Do we attack the summer transfer market? Make sweeping changes across the locker room and front office? Go full scorched earth policy? Do we even have a plan B?
I know that game was brutal, but was it enough to destroy our faith in the Reds? Or have we woke up to a fresh work week, and a renewed belief that the ship will right itself?
As I draft this up on Sunday afternoon, the white-hot heat of anger is already fading, and it occurs to me that, in many ways, this past game is a microcosm of the entire season thus far. So much to love, but an equal amount of inexplicable crapola. I wonder if this has anything to do with the response it’s engendered across all TFC fandom?
THIS WEEK’S PLAYLIST
...is our second Playlist Takeover! Our guest this week is friend of WTR Martin Omes, and he really took my loose “rules of the game” to heart! I’ve been enjoying this wild musical ride all day long!
Martin spent Saturday night throwing away all his previous drafts and has carefully curated a playlist where every track has an associative value to that collapse in Columbus.

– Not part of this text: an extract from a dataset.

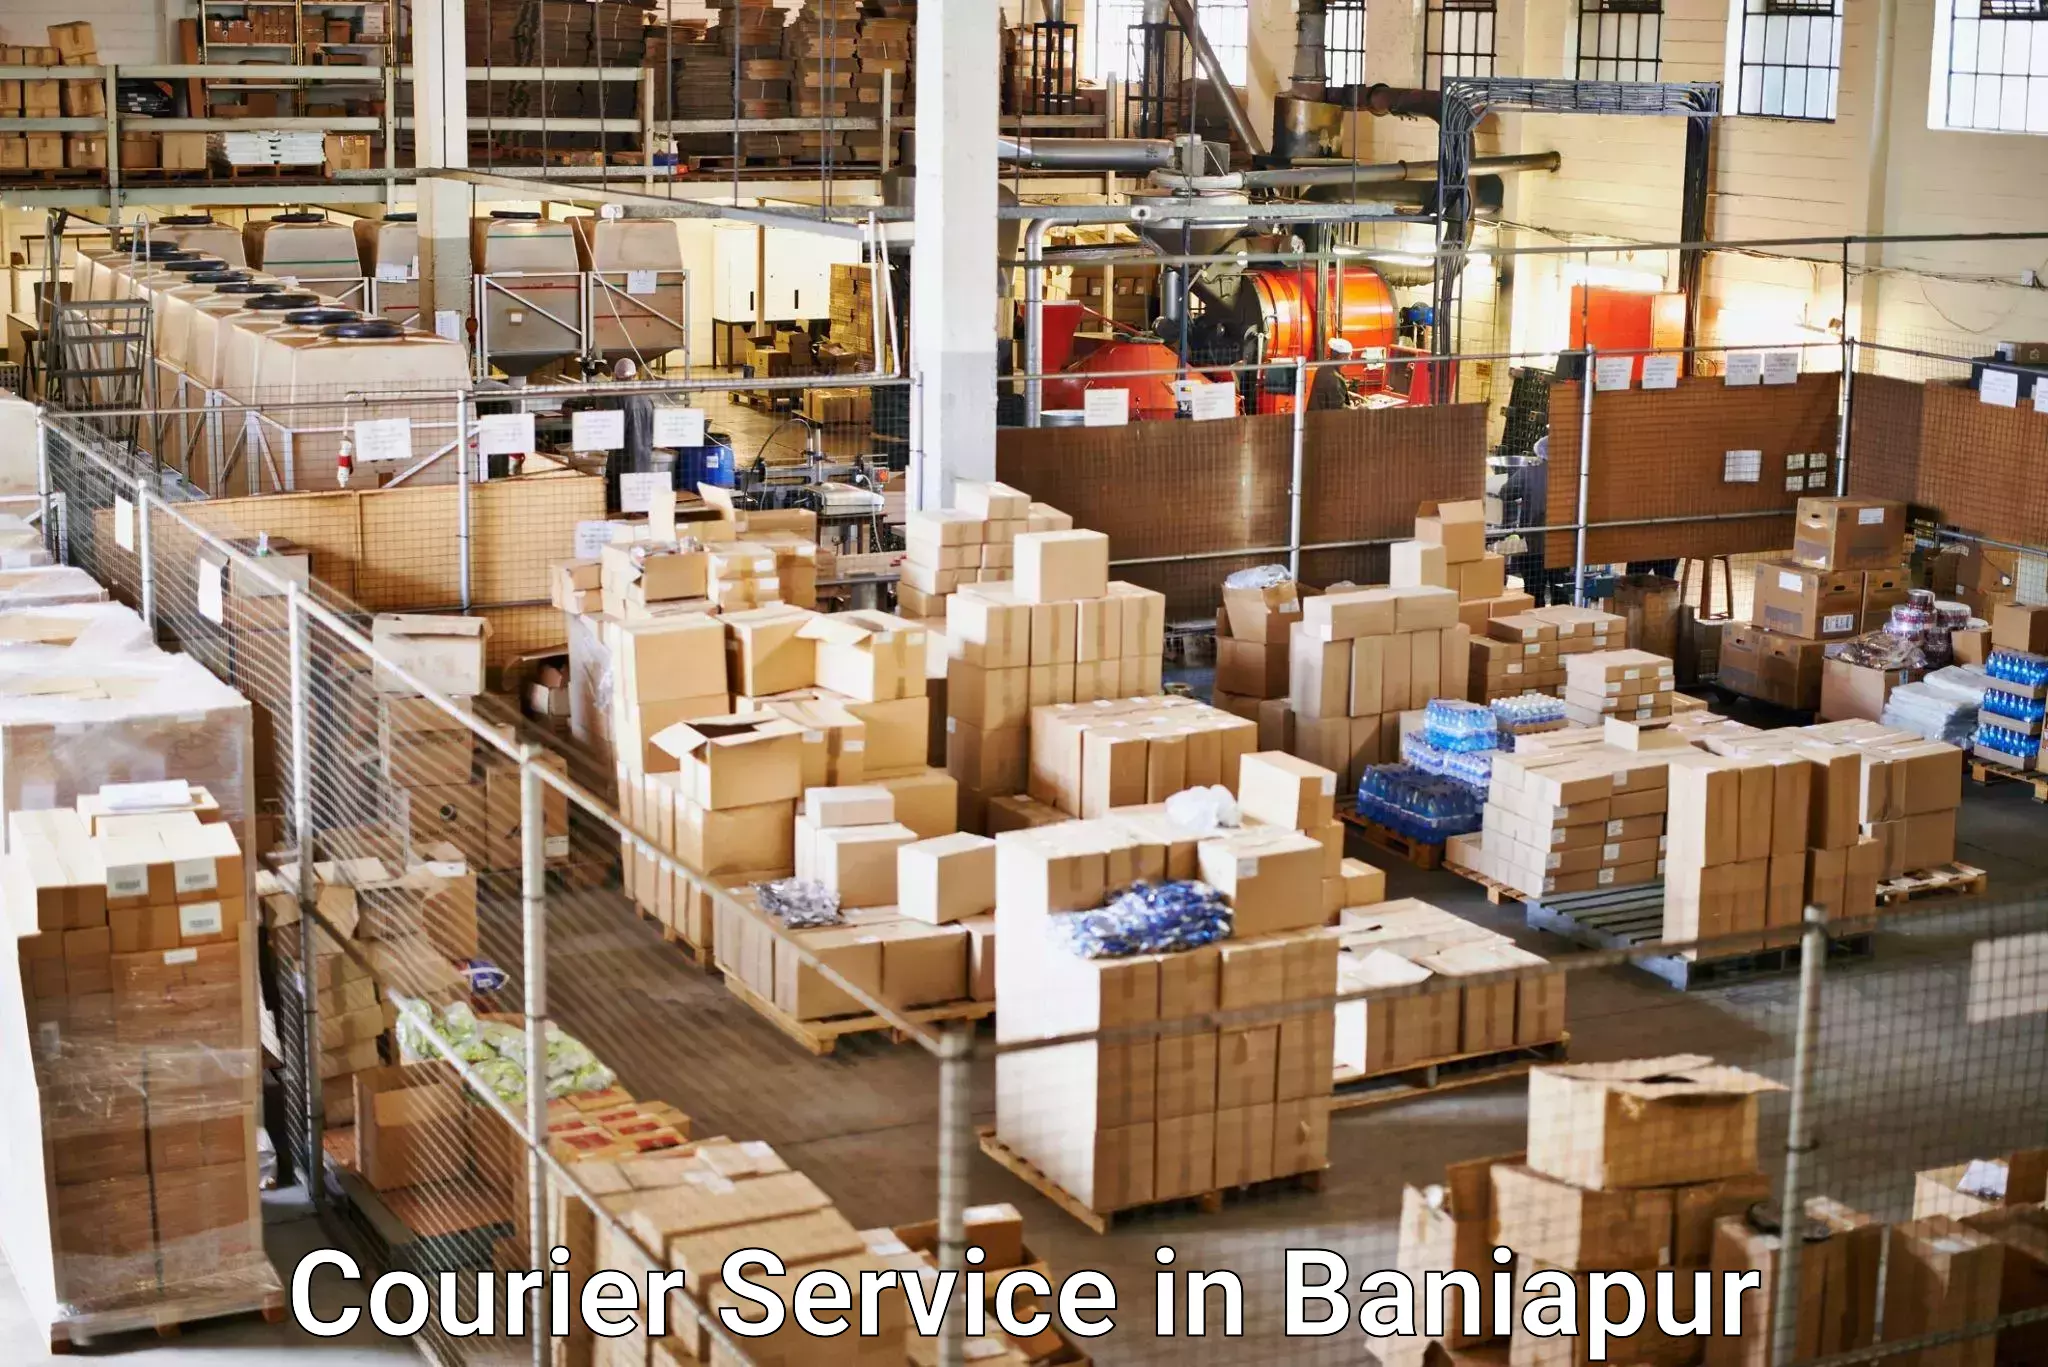 Sustainable courier practices in Baniapur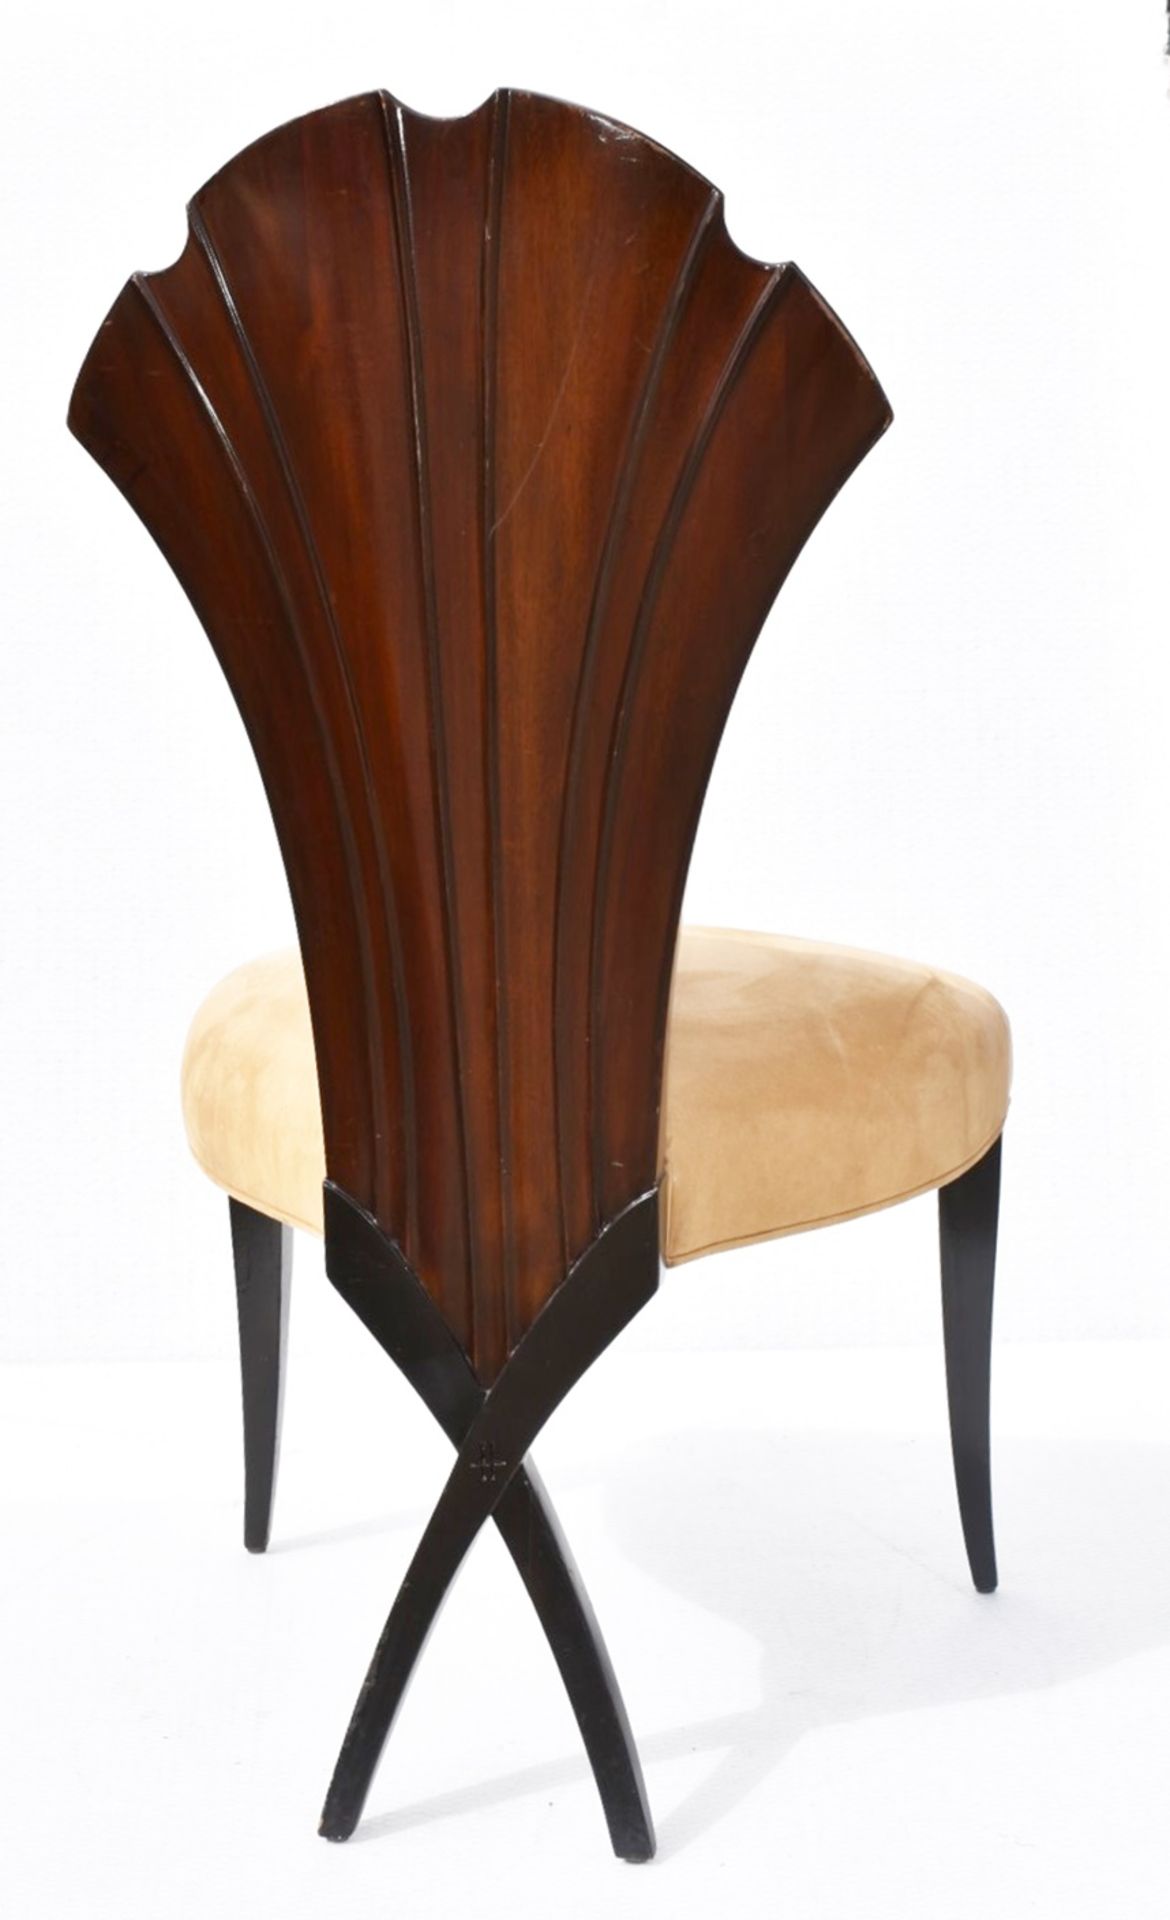 6 x CHRISTOPHER GUY 'La Croisette' Luxury Hand-carved Solid Mahogany Designer Dining Chairs - - Image 5 of 11

It’s so well thought-out and idiosyncratic that I felt bad about subbing in Sloan’s “Worried Now” for playlist/article title double-word score, so we’re at 18 tracks this week, and not a single one of them is “Just Can’t Get Enough”.
To paraphrase Martin — the first track (Track #2 - “Moth Into Flame” - Metallica) is his description of the game overall. Tracks #3-12 are our starting lineup. “How Bizarre” - OMC is the “Vanney Special.” Next tracks are sub-specific and the final track, “Roundtable Rival” - Lindsey Stirling, is a gauntlet thrown at our opponents.